What needs to be done - Transcribe the listing exactly; drop the images.
Source data Block Start
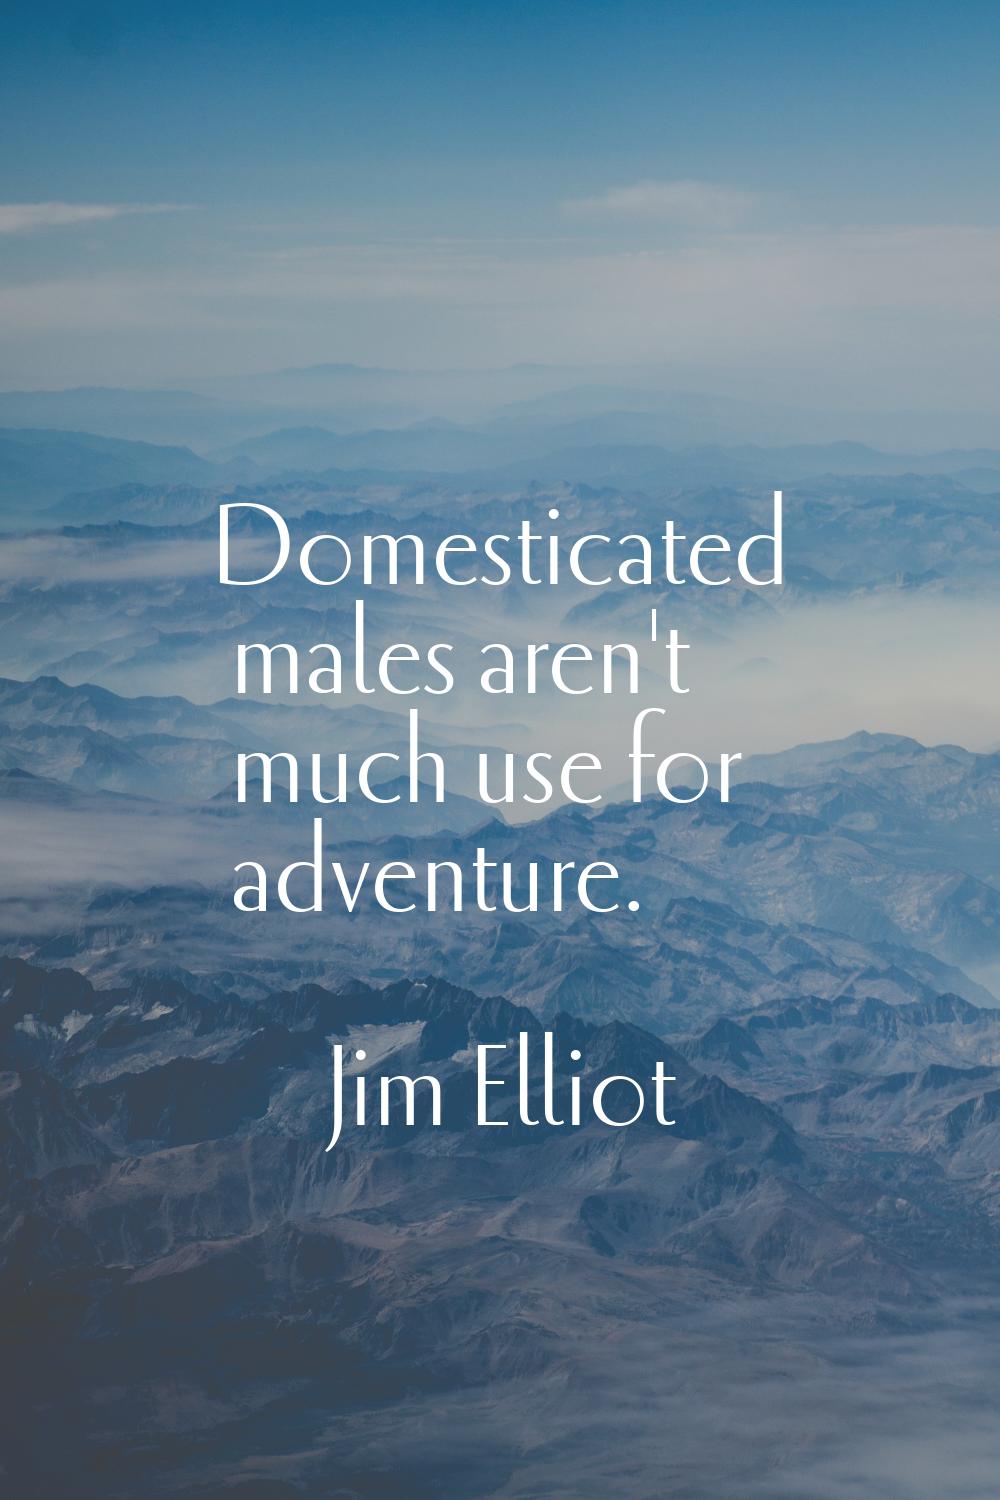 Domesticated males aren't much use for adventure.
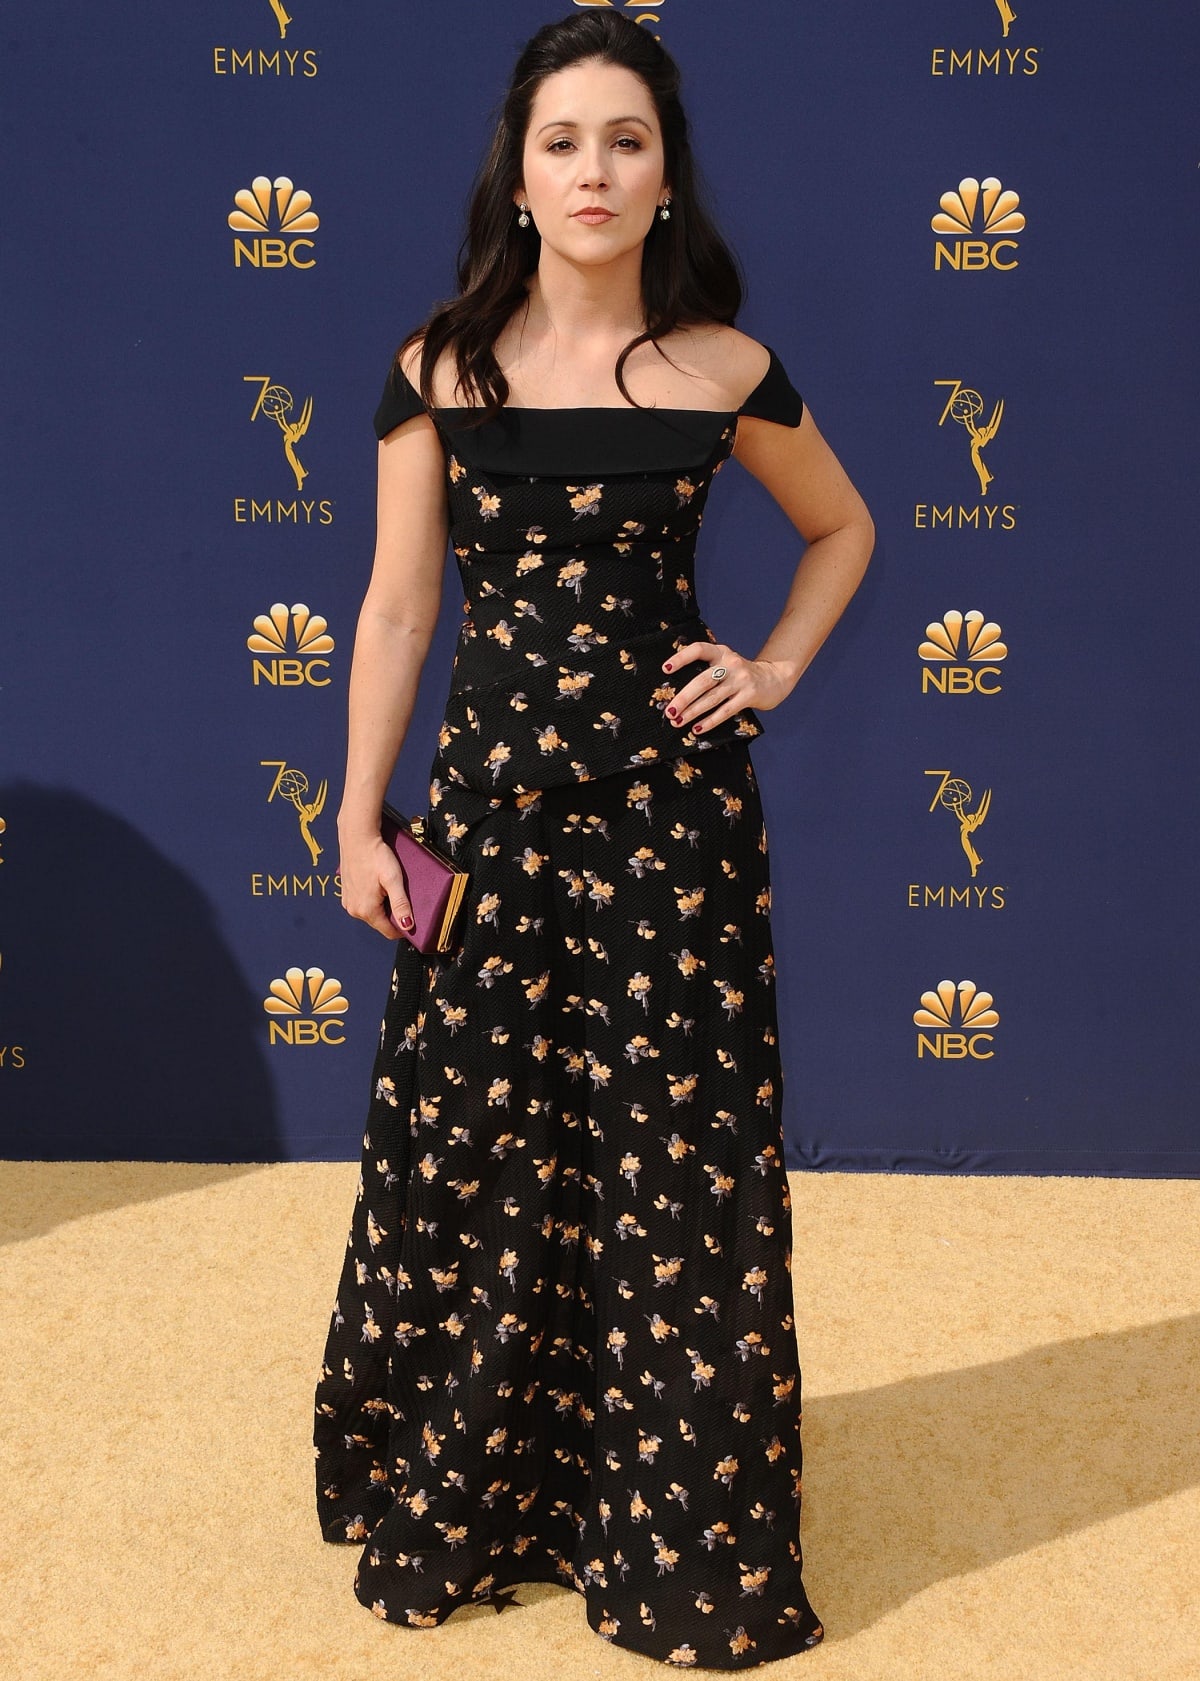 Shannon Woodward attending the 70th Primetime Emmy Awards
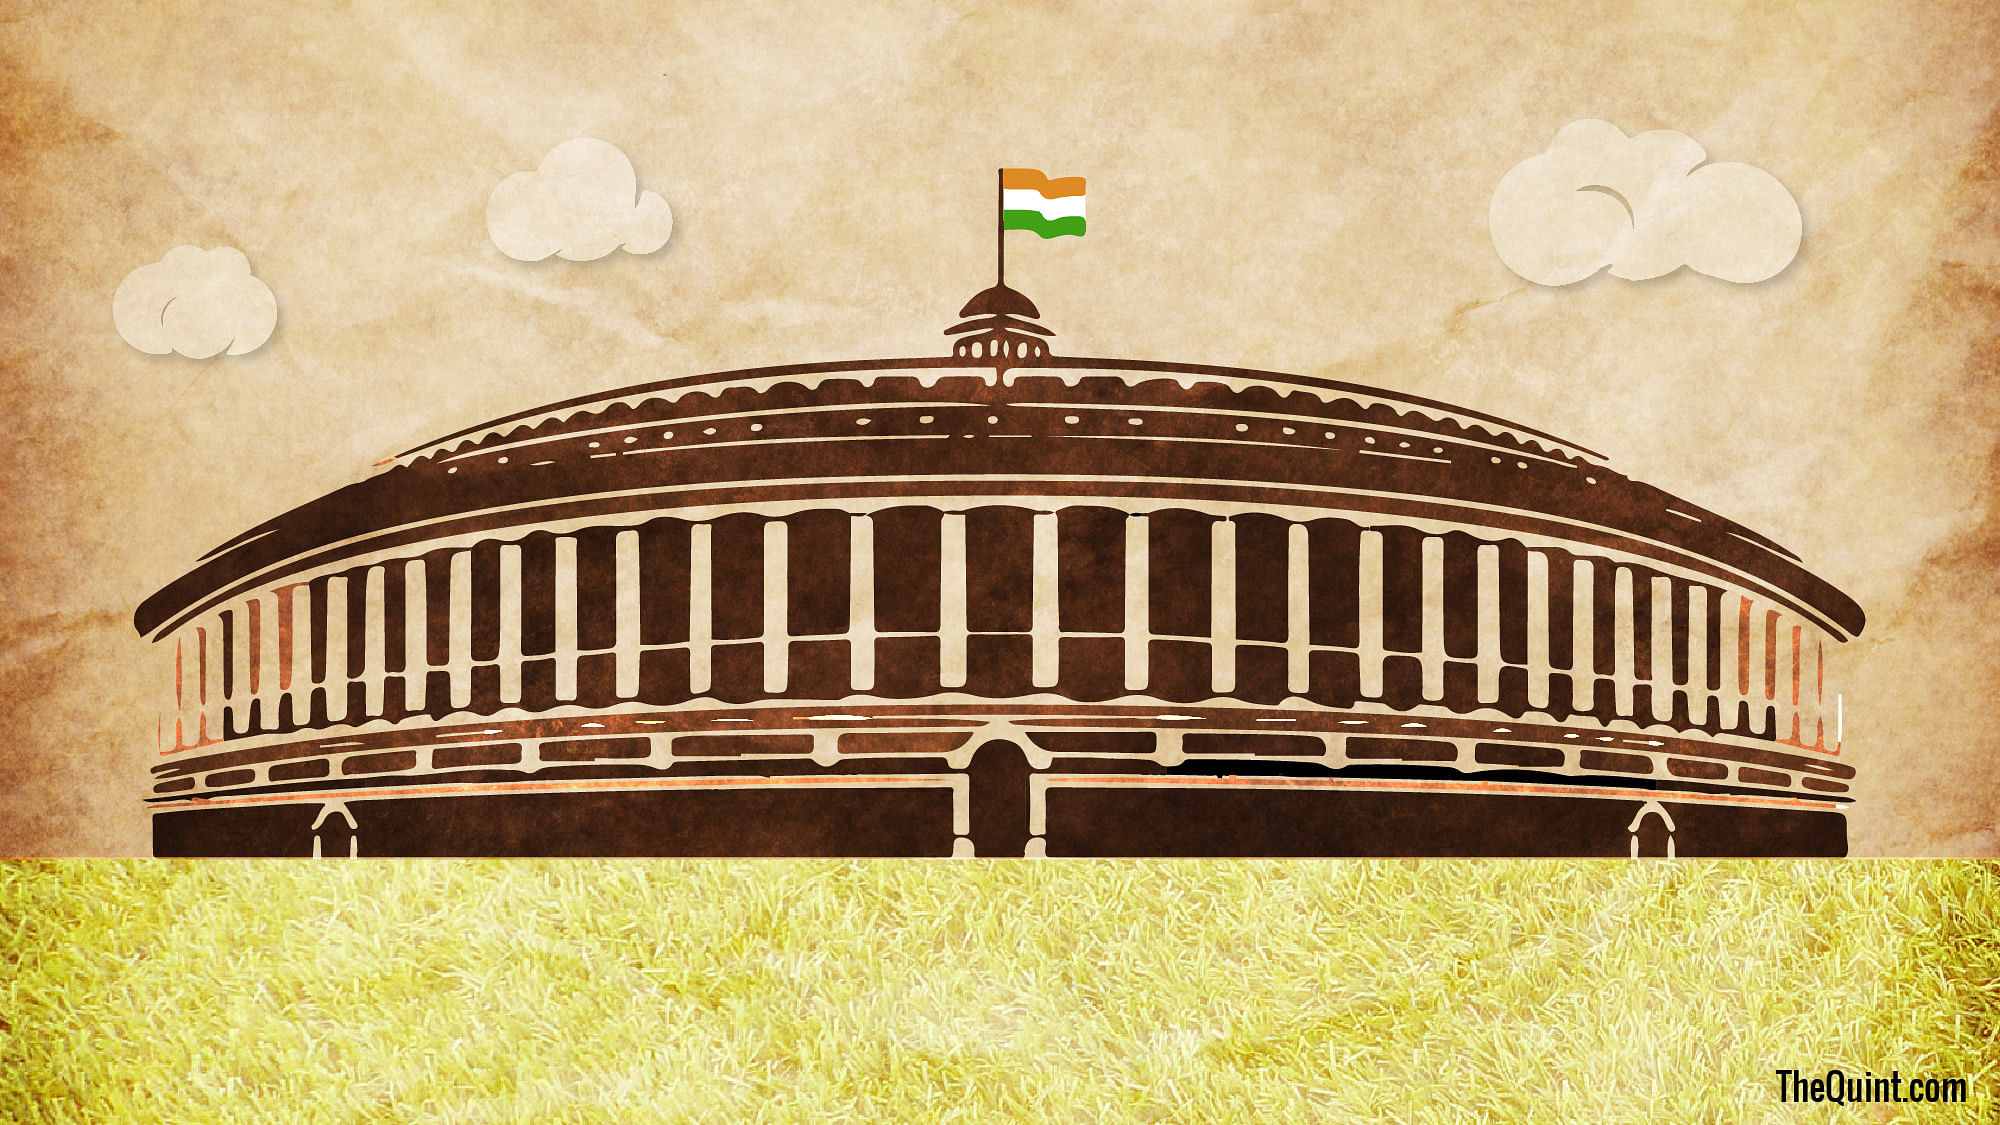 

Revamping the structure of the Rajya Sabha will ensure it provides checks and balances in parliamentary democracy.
Source data Block End
Solution to this task -
 Domesticated males aren't much use for adventure.
 Shannon Woodward attending the 70th Primetime Emmy Awards

Revamping the structure of the Rajya Sabha will ensure it provides checks and balances in parliamentary democracy.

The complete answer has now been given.